## Material provided:
________________________

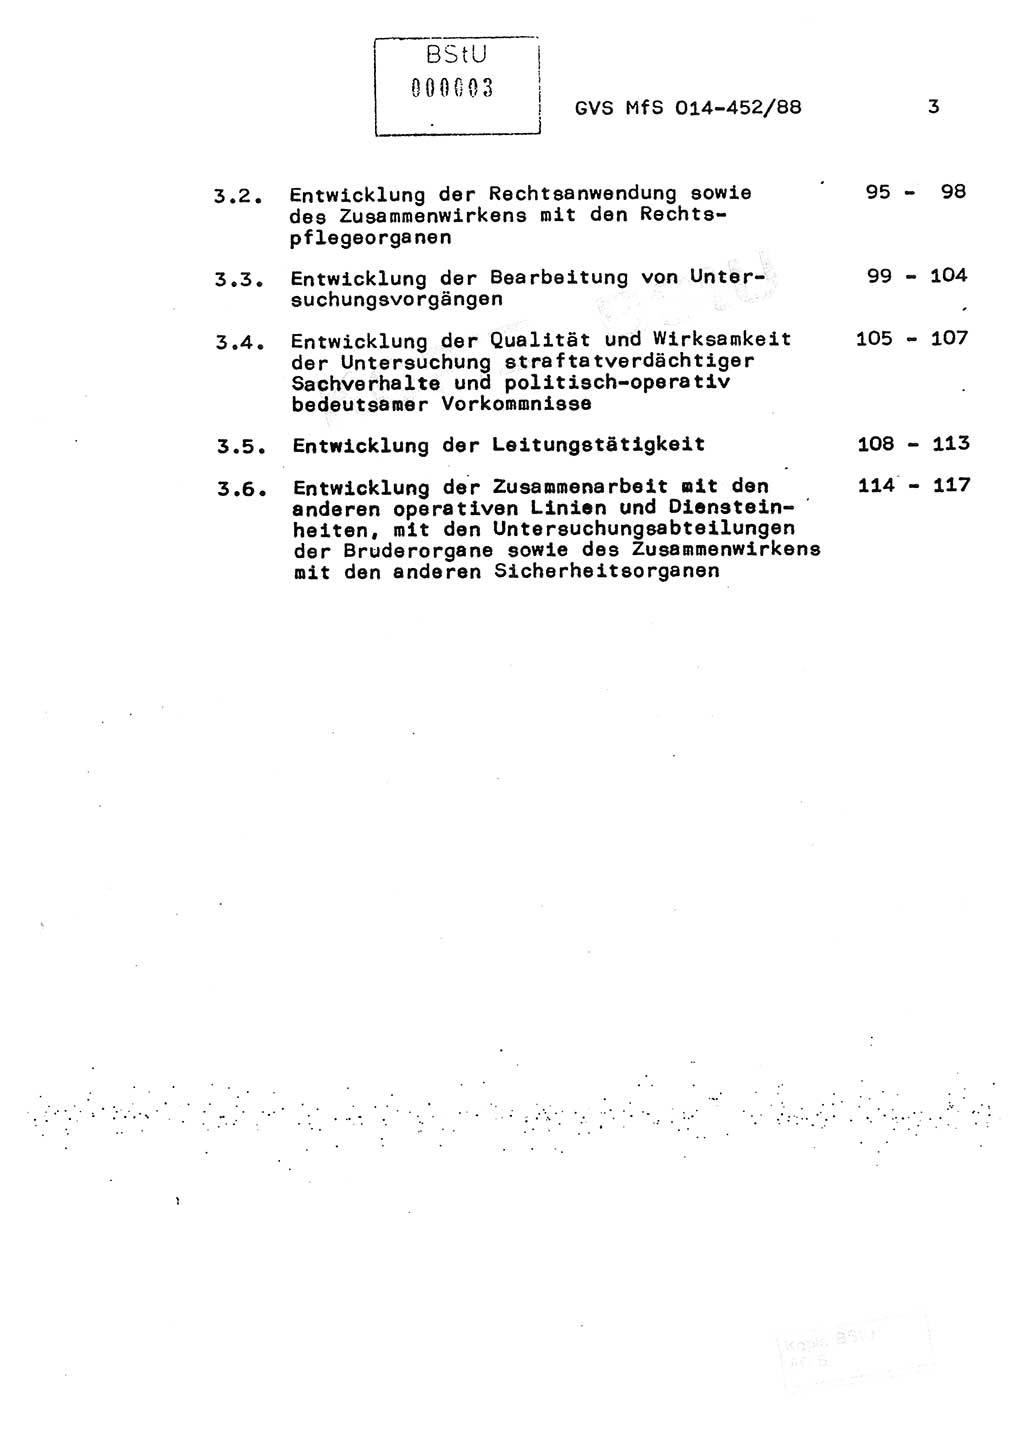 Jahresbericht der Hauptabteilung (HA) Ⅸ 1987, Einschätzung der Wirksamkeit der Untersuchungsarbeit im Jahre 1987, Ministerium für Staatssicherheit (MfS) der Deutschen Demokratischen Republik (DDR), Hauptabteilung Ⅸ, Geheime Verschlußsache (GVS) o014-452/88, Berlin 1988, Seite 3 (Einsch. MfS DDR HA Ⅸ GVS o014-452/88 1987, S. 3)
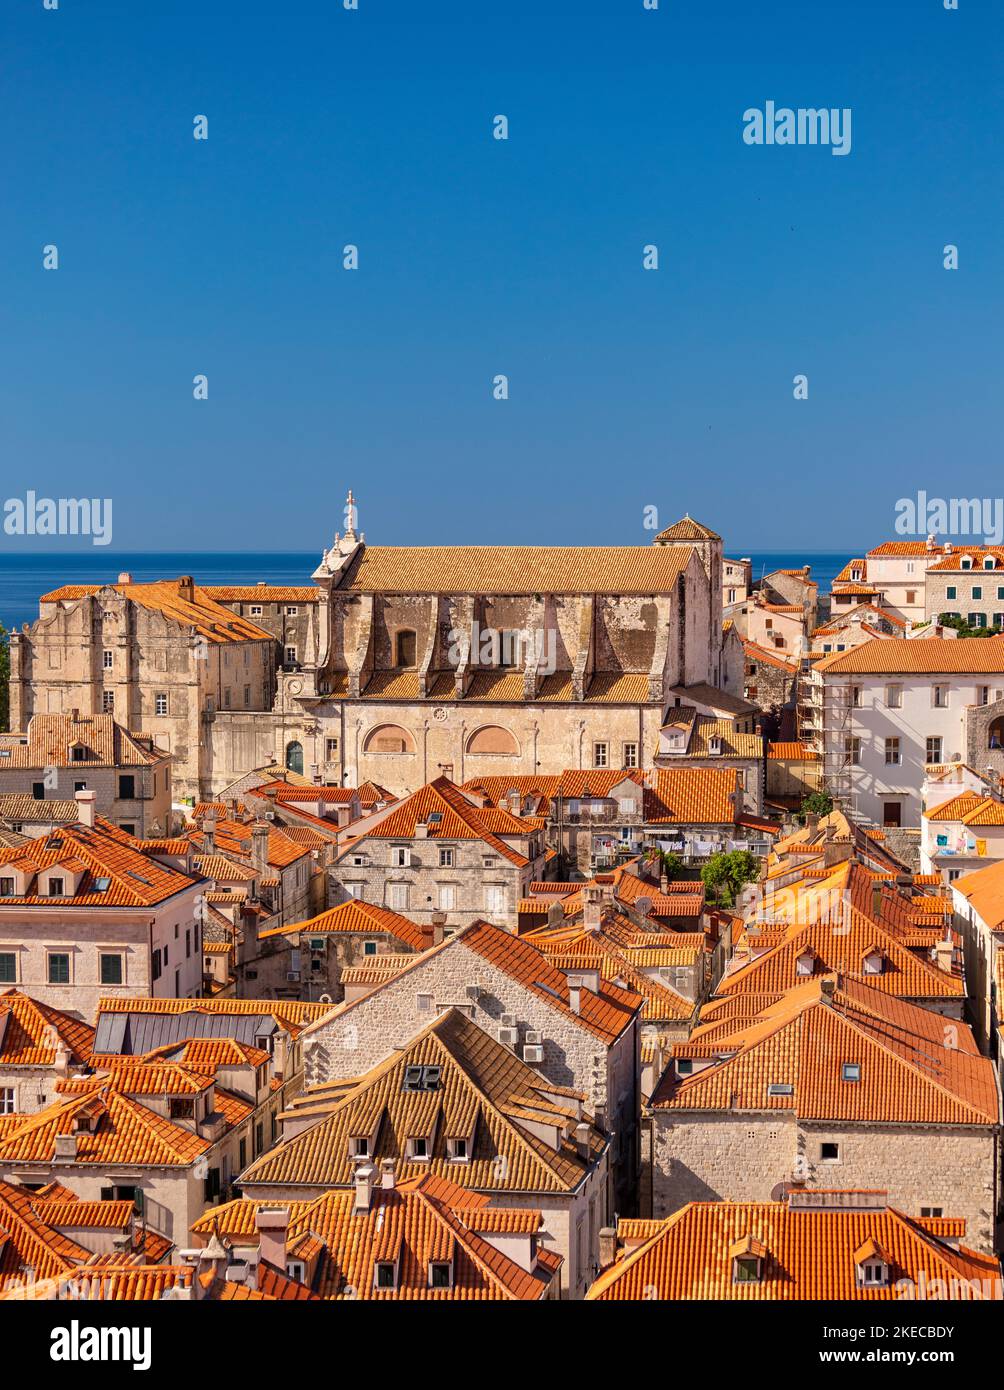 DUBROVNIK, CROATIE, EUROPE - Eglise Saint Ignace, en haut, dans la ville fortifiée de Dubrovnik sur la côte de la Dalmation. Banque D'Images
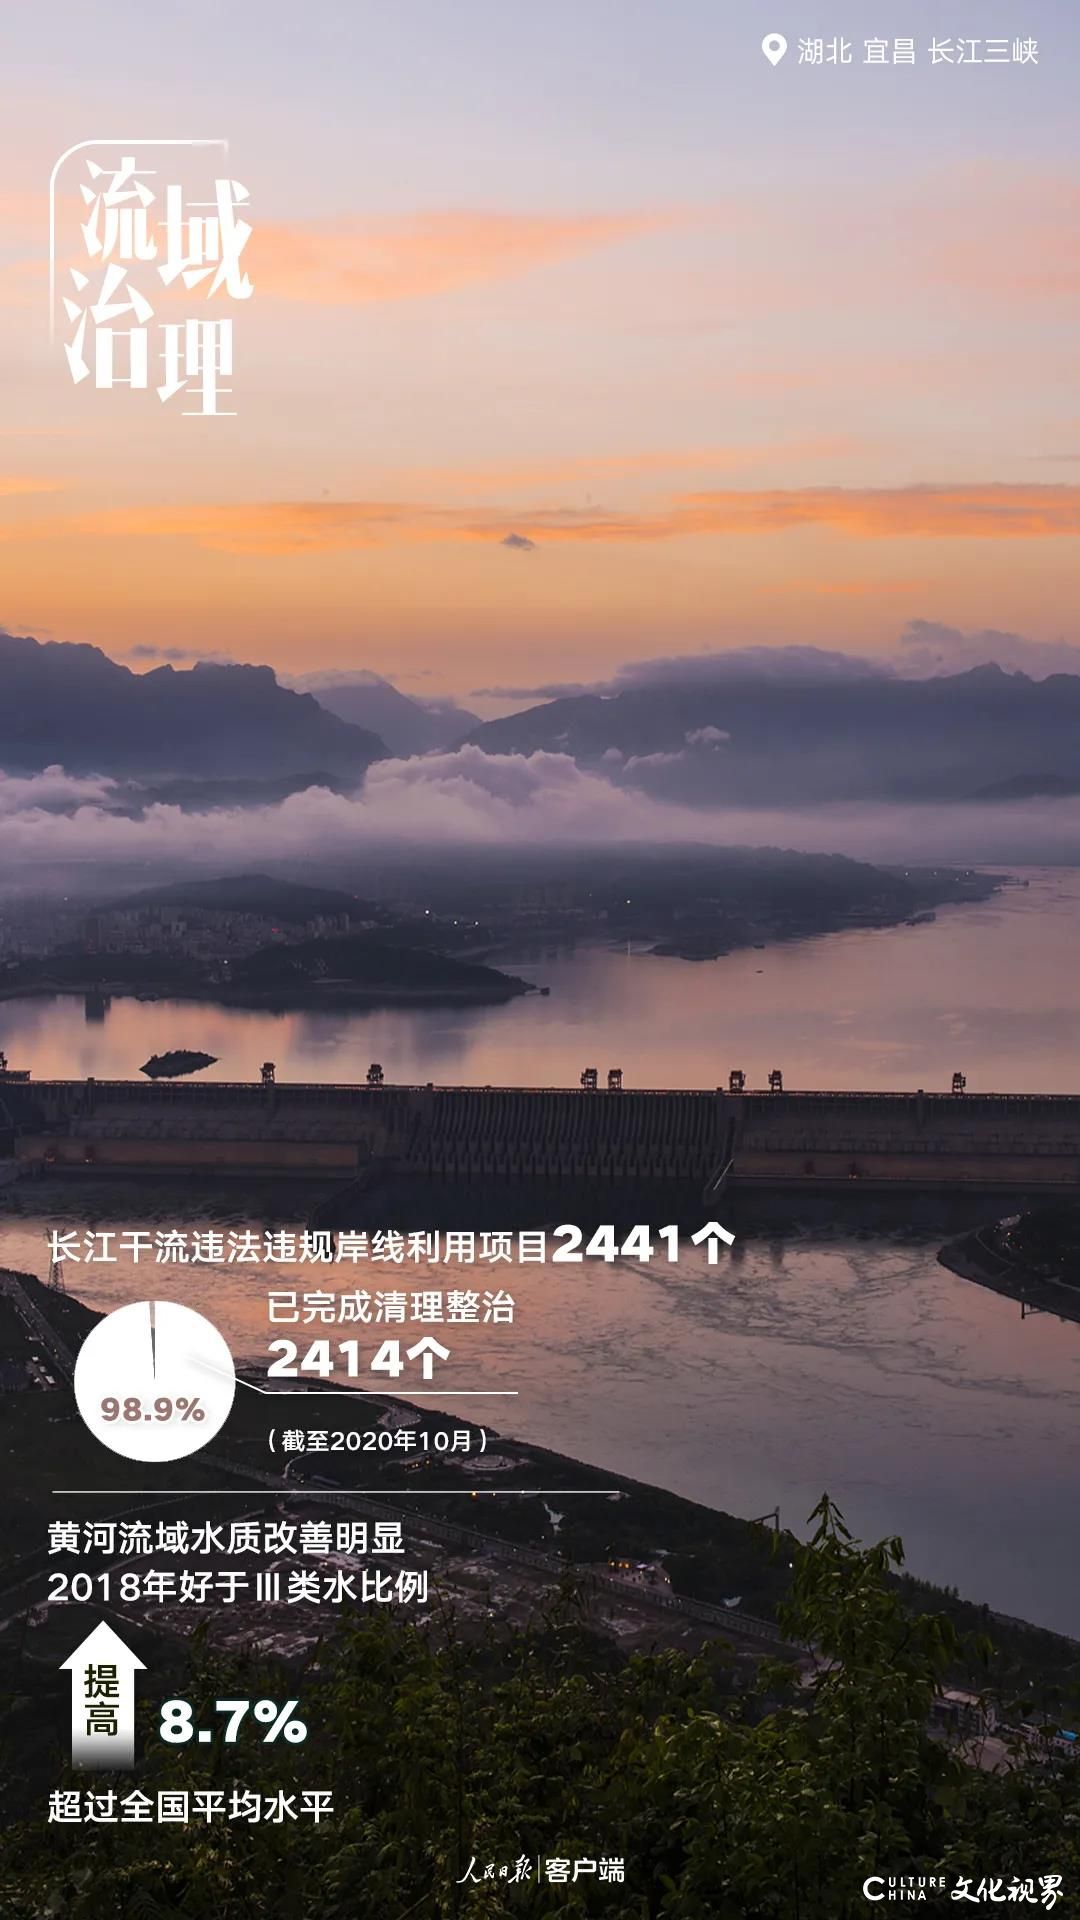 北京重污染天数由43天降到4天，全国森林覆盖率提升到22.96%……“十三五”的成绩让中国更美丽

________________________

## How to complete this task:
A verbatim retyping of the listing, without any pictures, is the expected answer.

## Output of the task:
 Jahresbericht der Hauptabteilung (HA) Ⅸ 1987, Einschätzung der Wirksamkeit der Untersuchungsarbeit im Jahre 1987, Ministerium für Staatssicherheit (MfS) der Deutschen Demokratischen Republik (DDR), Hauptabteilung Ⅸ, Geheime Verschlußsache (GVS) o014-452/88, Berlin 1988, Seite 3 (Einsch. MfS DDR HA Ⅸ GVS o014-452/88 1987, S. 3)
 DUBROVNIK, CROATIE, EUROPE - Eglise Saint Ignace, en haut, dans la ville fortifiée de Dubrovnik sur la côte de la Dalmation. Banque D'Images
 北京重污染天数由43天降到4天，全国森林覆盖率提升到22.96%……“十三五”的成绩让中国更美丽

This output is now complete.